→ Data to process:
****************************************
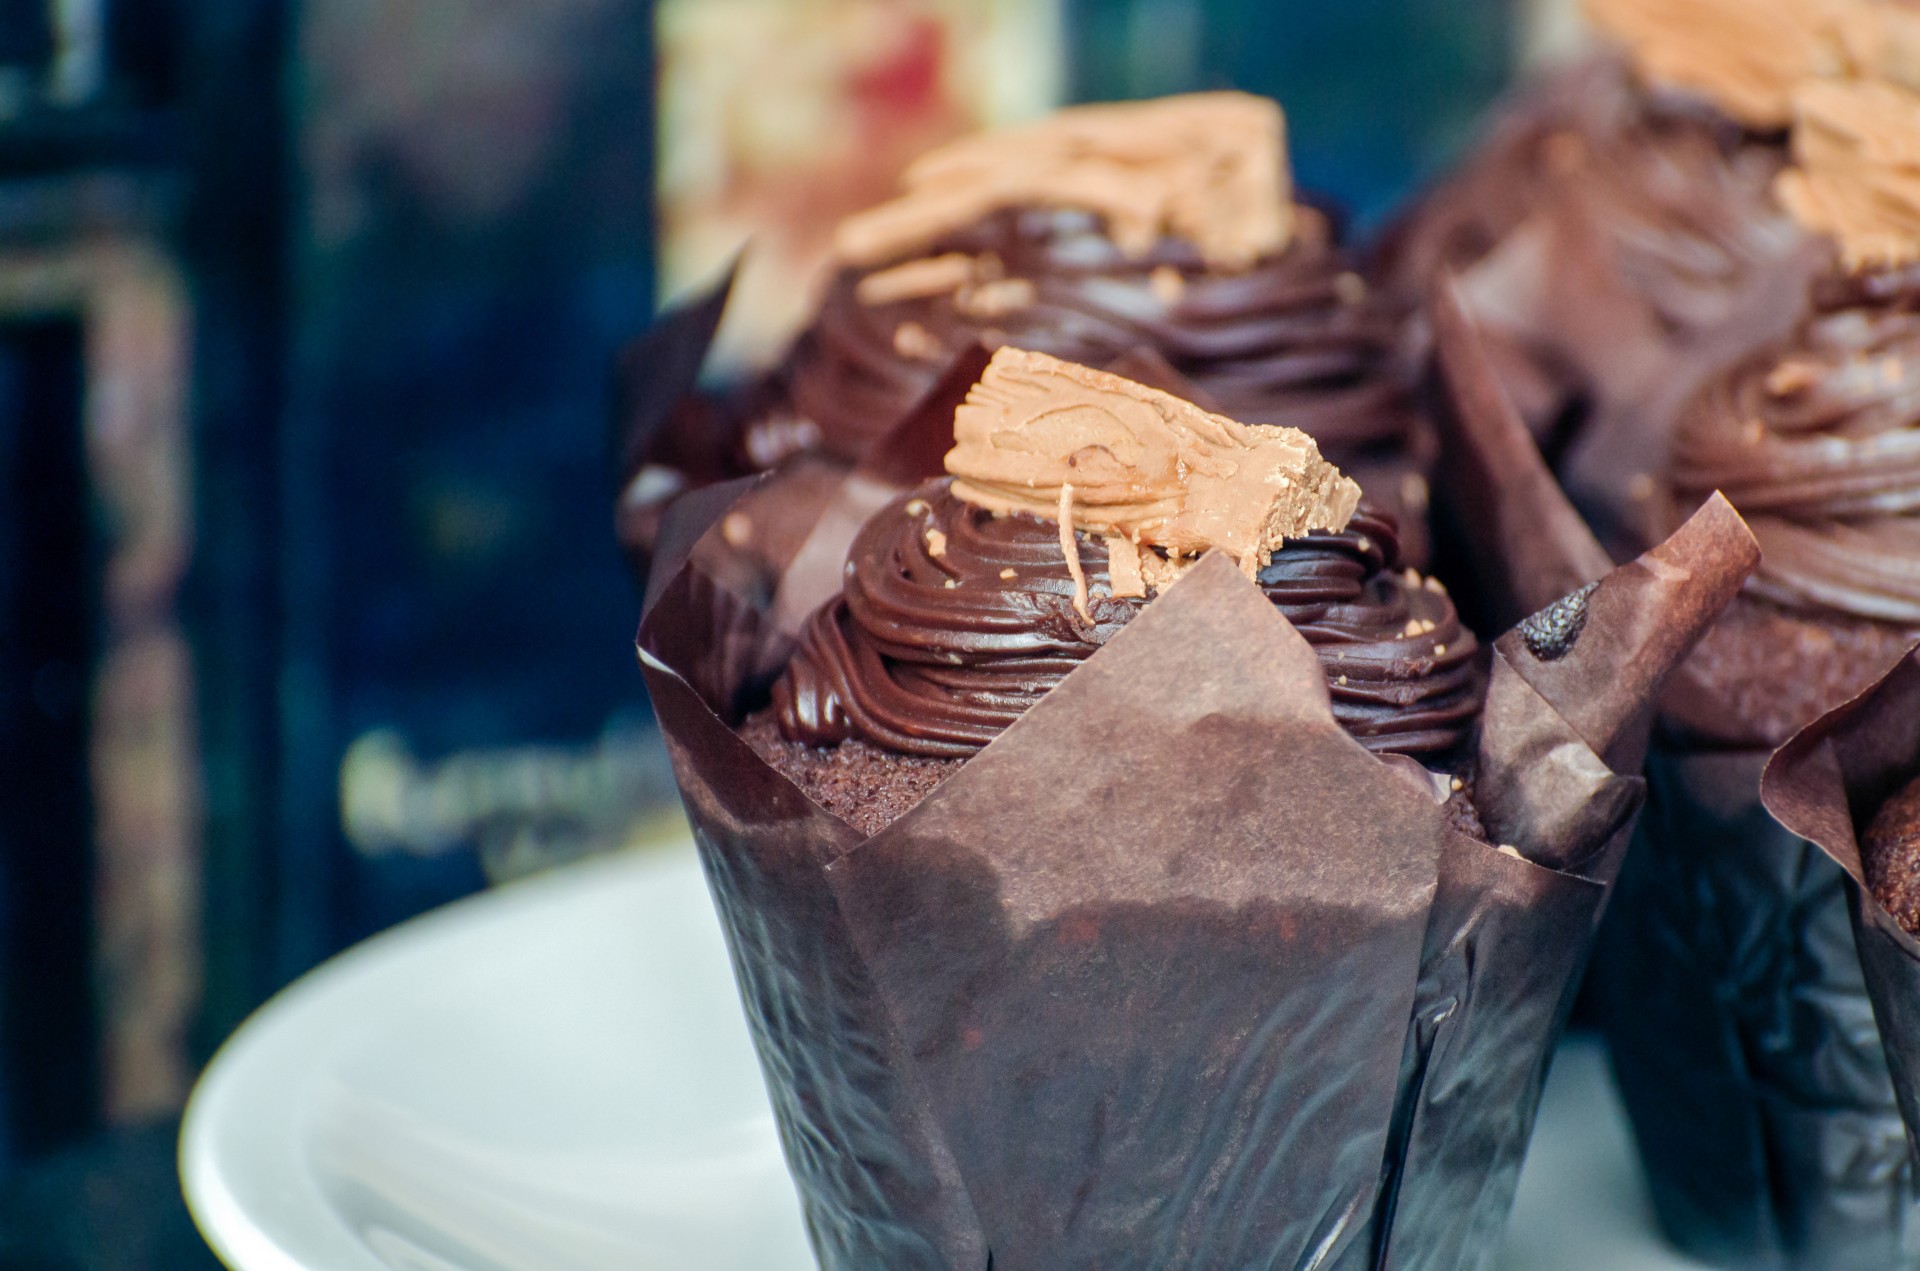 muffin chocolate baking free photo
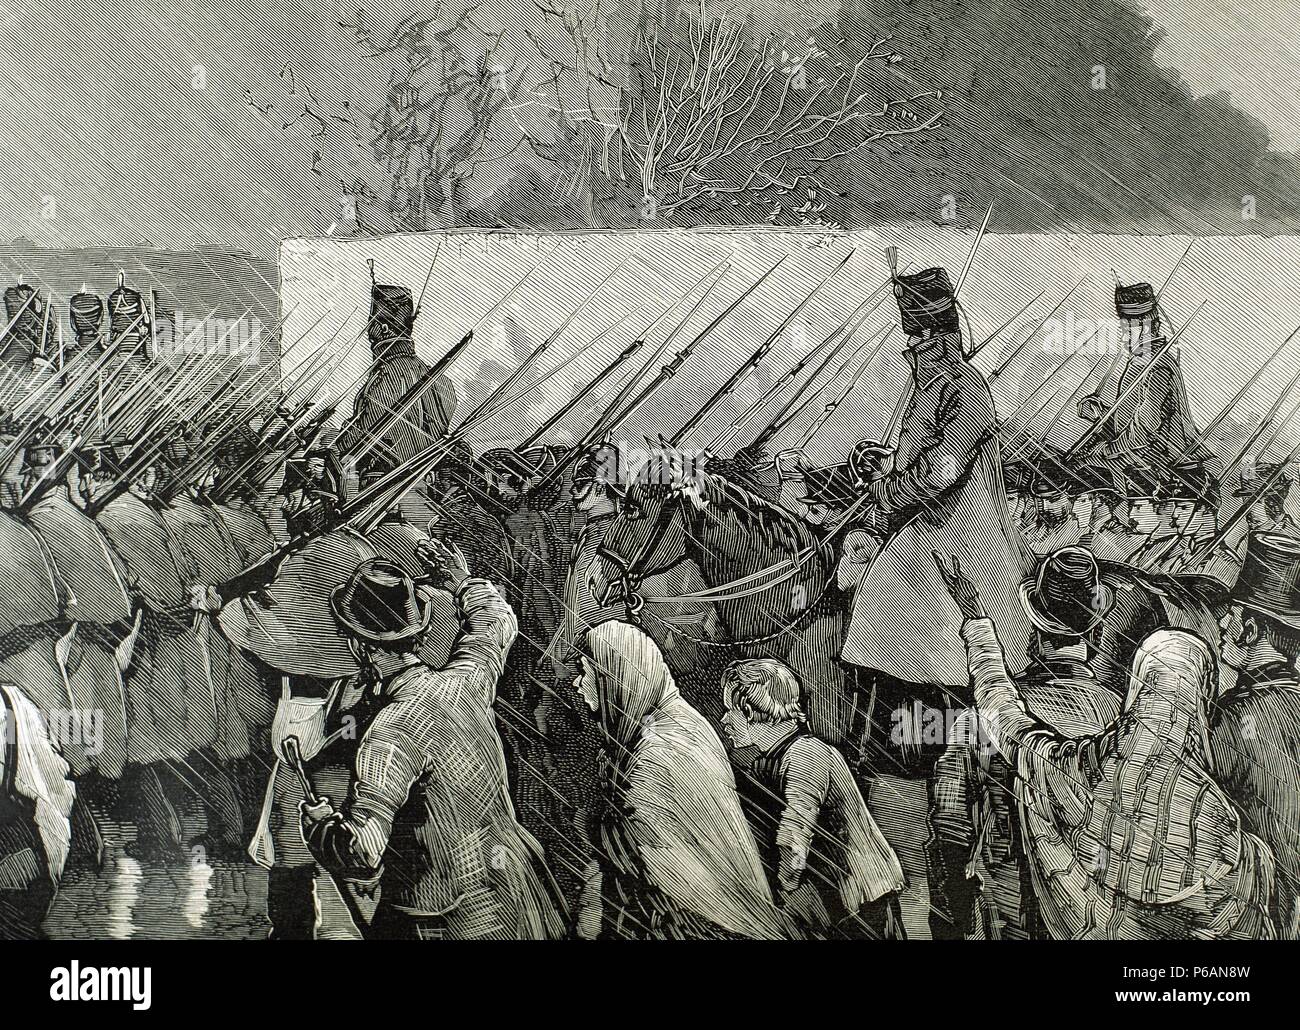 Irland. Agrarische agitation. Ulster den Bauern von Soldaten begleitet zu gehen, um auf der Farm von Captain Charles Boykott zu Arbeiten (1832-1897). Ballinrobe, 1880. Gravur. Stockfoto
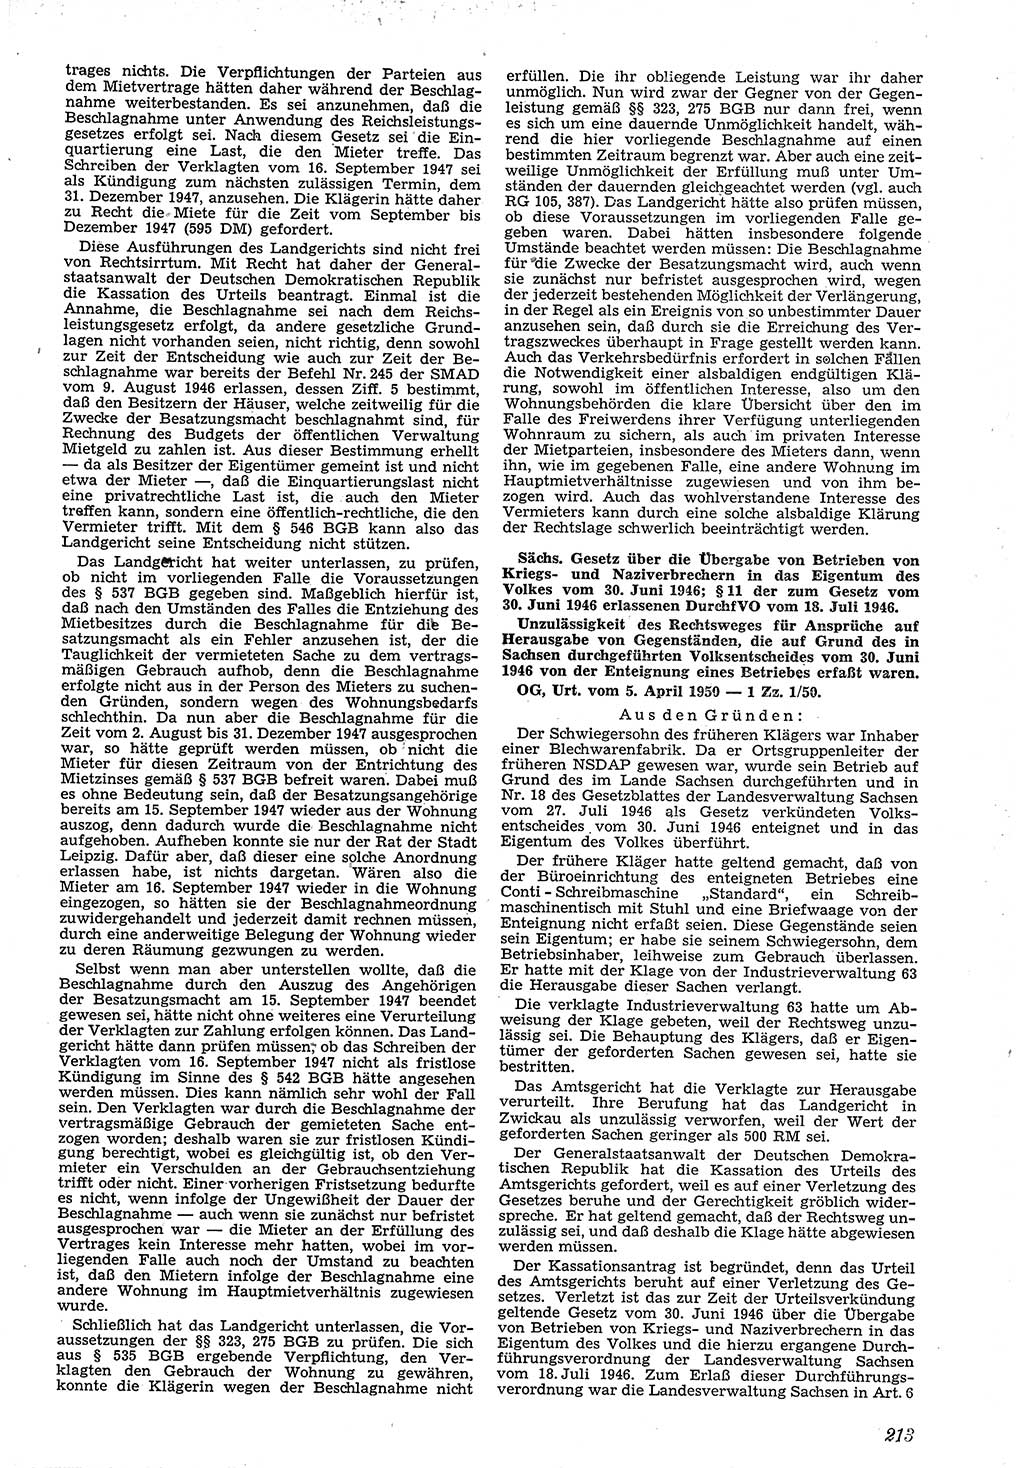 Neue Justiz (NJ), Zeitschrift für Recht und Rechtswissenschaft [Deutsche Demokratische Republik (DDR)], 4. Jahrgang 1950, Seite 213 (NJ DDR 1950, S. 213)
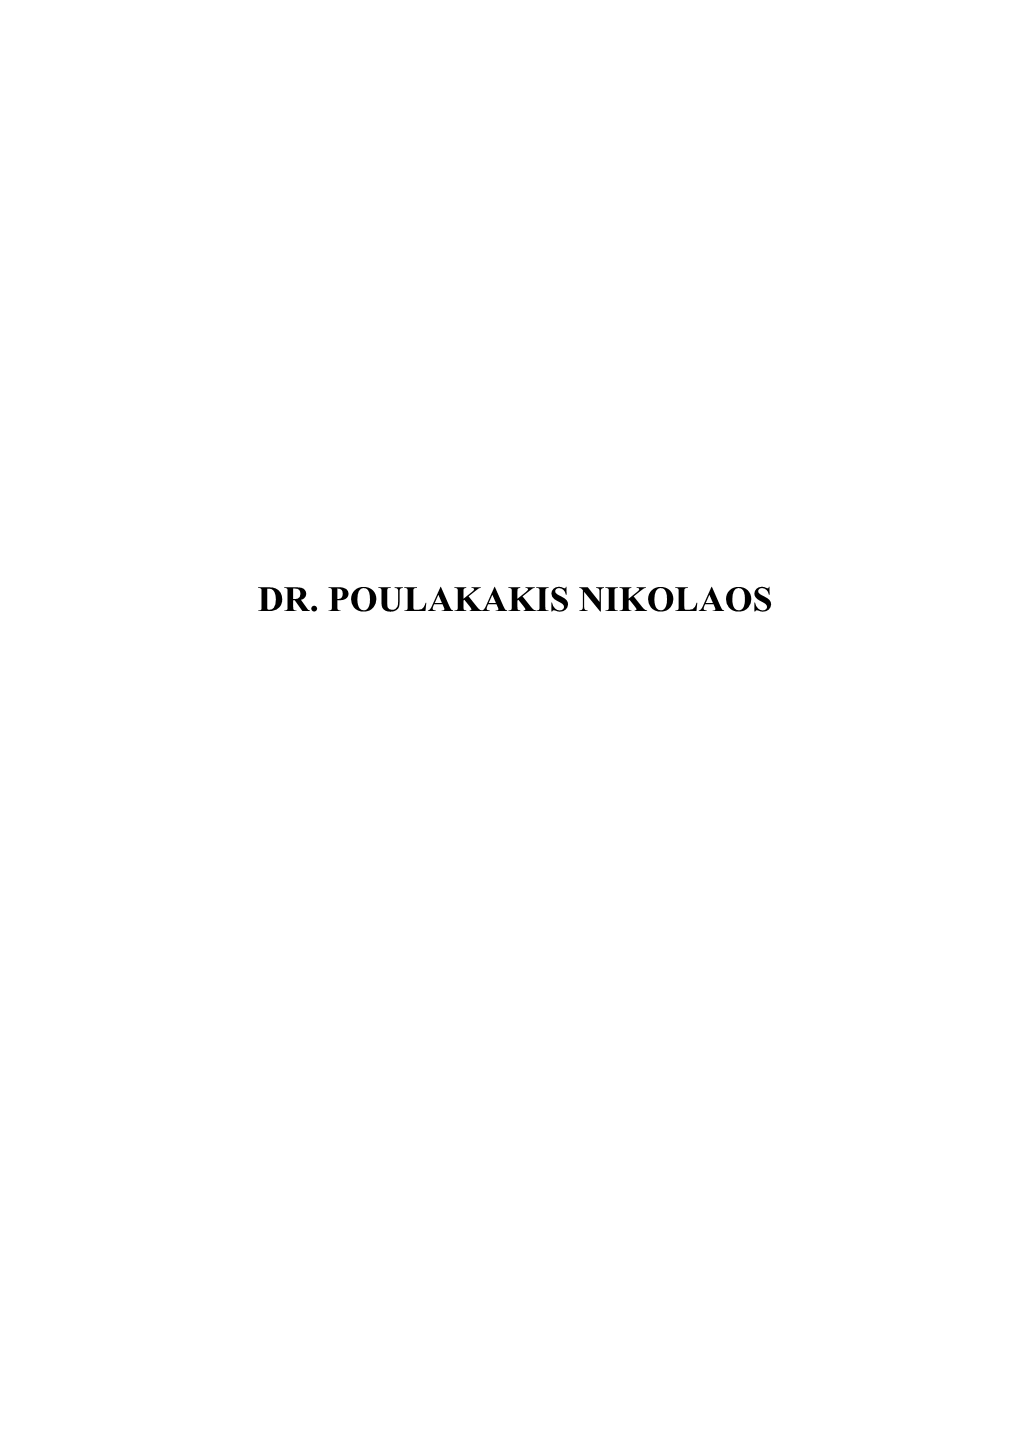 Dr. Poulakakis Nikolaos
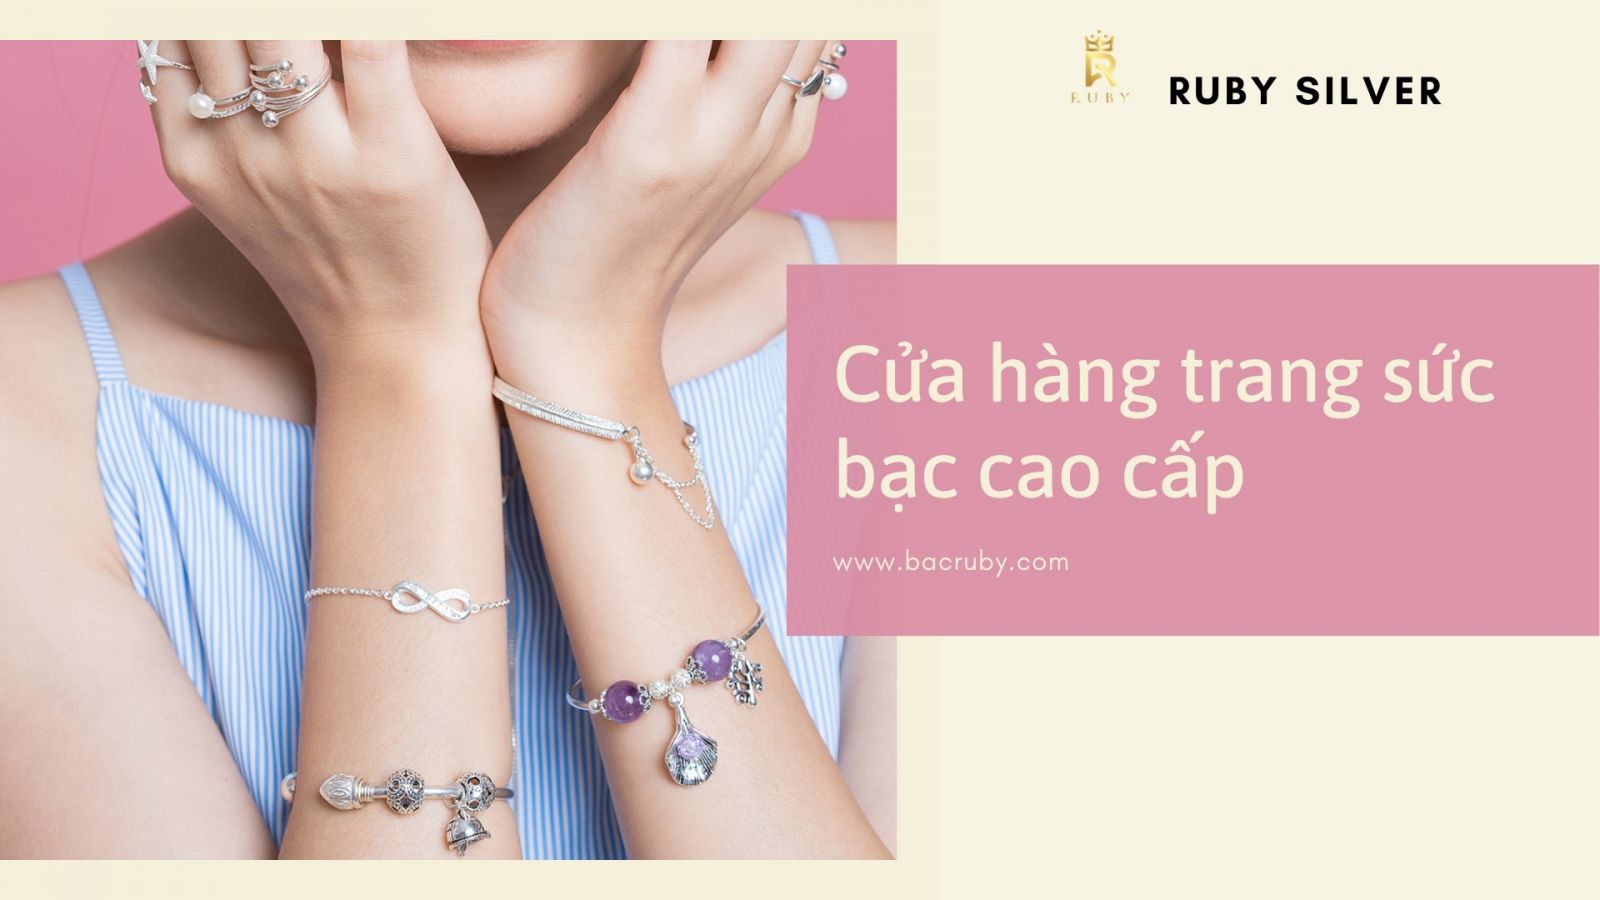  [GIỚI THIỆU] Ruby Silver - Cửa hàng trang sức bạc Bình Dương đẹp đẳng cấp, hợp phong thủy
****************************************
→ Exercise aim: Reproduce every line above exactly as written, omitting the images.

→ Exercise output:
 muffin chocolate baking free photo
 Irland. Agrarische agitation. Ulster den Bauern von Soldaten begleitet zu gehen, um auf der Farm von Captain Charles Boykott zu Arbeiten (1832-1897). Ballinrobe, 1880. Gravur. Stockfoto
 Neue Justiz (NJ), Zeitschrift für Recht und Rechtswissenschaft [Deutsche Demokratische Republik (DDR)], 4. Jahrgang 1950, Seite 213 (NJ DDR 1950, S. 213)
 Dr. Poulakakis Nikolaos
  [GIỚI THIỆU] Ruby Silver - Cửa hàng trang sức bạc Bình Dương đẹp đẳng cấp, hợp phong thủy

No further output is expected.